(Records for the exercise begins)
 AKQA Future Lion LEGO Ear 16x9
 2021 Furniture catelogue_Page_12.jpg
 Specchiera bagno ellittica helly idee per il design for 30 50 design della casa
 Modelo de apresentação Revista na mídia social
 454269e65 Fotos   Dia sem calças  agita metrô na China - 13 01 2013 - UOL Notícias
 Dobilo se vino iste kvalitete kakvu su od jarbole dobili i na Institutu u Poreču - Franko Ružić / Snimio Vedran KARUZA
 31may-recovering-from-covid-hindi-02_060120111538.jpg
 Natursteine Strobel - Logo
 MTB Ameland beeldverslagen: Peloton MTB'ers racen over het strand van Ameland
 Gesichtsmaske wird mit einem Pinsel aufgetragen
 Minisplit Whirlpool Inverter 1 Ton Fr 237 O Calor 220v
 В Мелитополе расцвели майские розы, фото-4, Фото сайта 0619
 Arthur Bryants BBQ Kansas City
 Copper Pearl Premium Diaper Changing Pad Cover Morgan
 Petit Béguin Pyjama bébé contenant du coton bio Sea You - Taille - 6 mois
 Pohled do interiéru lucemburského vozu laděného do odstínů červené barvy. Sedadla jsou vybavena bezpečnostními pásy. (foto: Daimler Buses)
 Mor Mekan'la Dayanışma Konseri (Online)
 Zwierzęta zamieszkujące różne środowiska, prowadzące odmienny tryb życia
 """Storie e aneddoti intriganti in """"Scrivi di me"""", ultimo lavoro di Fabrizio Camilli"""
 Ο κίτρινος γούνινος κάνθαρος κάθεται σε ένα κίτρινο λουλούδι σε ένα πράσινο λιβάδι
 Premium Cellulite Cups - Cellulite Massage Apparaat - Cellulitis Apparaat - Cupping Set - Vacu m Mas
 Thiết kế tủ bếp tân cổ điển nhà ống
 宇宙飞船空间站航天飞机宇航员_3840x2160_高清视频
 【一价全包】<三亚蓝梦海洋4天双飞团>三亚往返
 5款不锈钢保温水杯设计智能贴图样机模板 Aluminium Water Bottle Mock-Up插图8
(Records for the exercise ends)
◆ Activity:
Only the lines from the start of the material through the line containing "Modelo de apresentação" belong in the answer, each copied exactly.

◆ Exercise solution:
 AKQA Future Lion LEGO Ear 16x9
 2021 Furniture catelogue_Page_12.jpg
 Specchiera bagno ellittica helly idee per il design for 30 50 design della casa
 Modelo de apresentação Revista na mídia social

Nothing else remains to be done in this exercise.